As I understand from a comment, the OP didn't realize that the Kaplan-Meier estimate is nothing but the empirical estimate of the survival function in case when there is no censoring.
Let me tell a word about that. Consider two independent random variables $X$ and $Y$ with continuous distributions, and independent replicated observations $x_i$ and $y_i$, $i=1, \ldots, n$. In the context of the Kaplan-Meier estimate, $Y$ is considered as the censoring variable and one observes the minima $t_i=\min(x_i,y_i)$ together with the indicators $\delta_i={\boldsymbol 1}_{x_i \leq y_i}$, independent replicated observations of $T=\min(X,Y)$ and $\Delta={\boldsymbol 1}_{X \leq Y}$ respectively.
Note that $\Pr(T >t)=\Pr(X>t)\Pr(Y>t)$, that is to say $\boxed{S^T(t)=S^X(t)S^Y(t)}$ by denoting $S^T$, $S^X$ and $S^Y$ the survival functions of $T$, $X$ and $Y$ respectively.
The usual empirical survival function $\hat{S}^T$ of $T$ is available from the data.

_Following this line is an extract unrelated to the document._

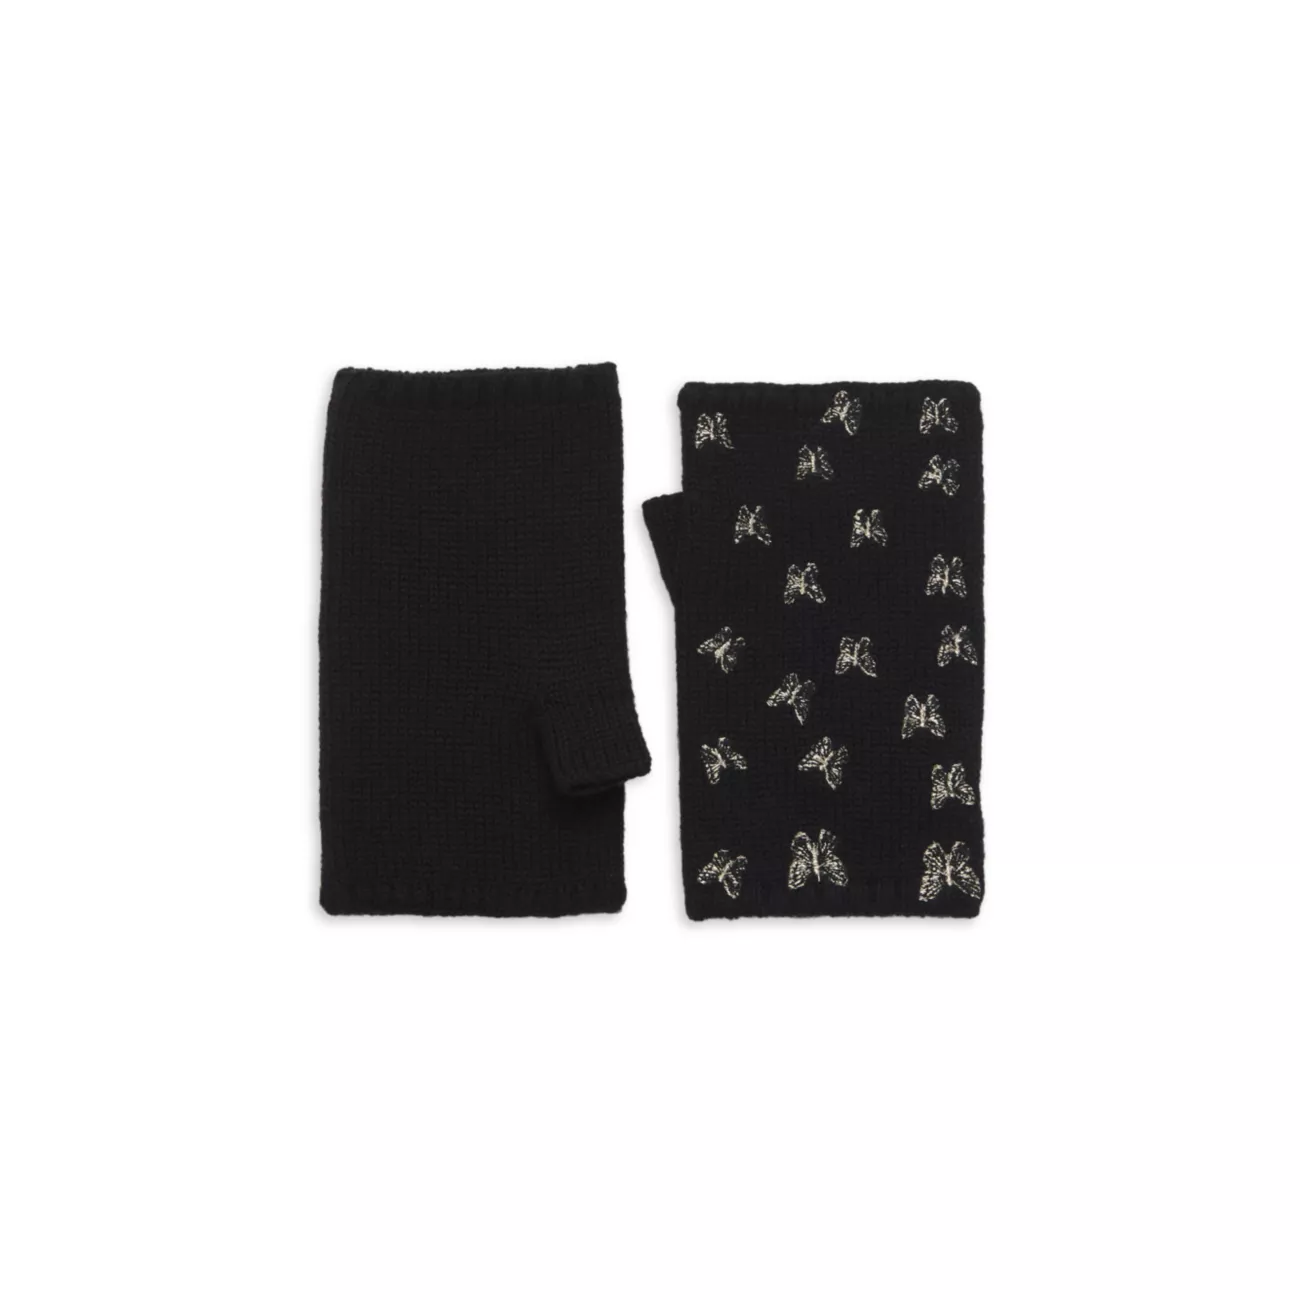 Перчатки из шерсти мериноса с вышивкой для девочек Carolyn Rowan x Stephanie Gottlieb Carolyn Rowan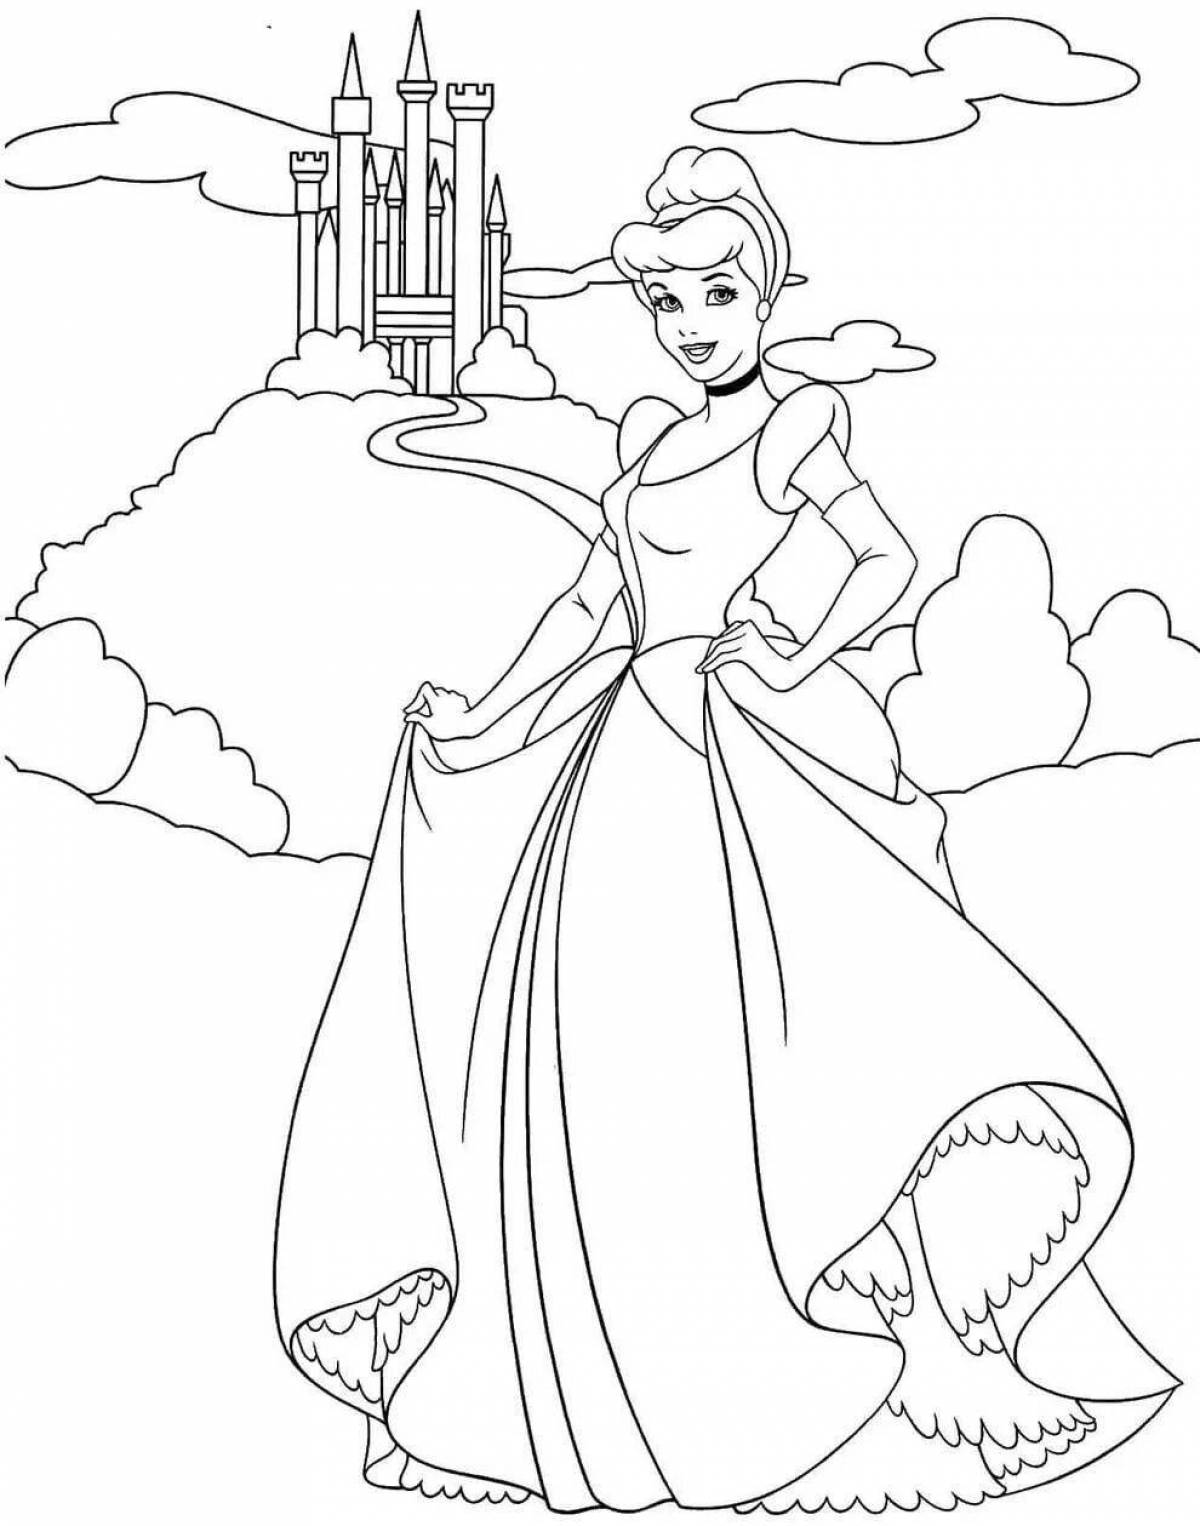 Glamor coloring book for girls princess castle

When seeking estimates $\hat{S}^X$ and $\hat{S}^Y$ of $S^X$ and $S^Y$, it is natural to require the empirical analogous of the previous boxed formula, that is to say $\boxed{\hat{S}^T(t)=\hat{S}^X(t)\hat{S}^Y(t)}$.
Then remember that:
The Kaplan-Meier estimates of $S^X$ and $S^Y$ satisfy this relation (at least when there are no ties, I don't know and I have not checked when there are ties). The case when $Y=+\infty$ corresponds to the absence of censoring, in this case $T=X$, $S^Y\equiv 1$, $\hat{S}^Y\equiv 1$ and one gets $\hat{S}^T(t)=\hat{S}^X(t)$: the Kaplan-Meier estimate is nothing but the empirical estimate of the survival function.
In fact (at least when there are no ties), the Kaplan-meier estimates can even be derived from the required relation $\boxed{\hat{S}^T(t)=\hat{S}^X(t)\hat{S}^Y(t)}$, after requiring in addition that $\hat{S}^X$ and $\hat{S}^Y$ are step functions jumping at the observations of $x_i$ ($t_i$ when $\delta_i=1$) and $y_i$ ($t_i$ when $\delta_i=0$) respectively.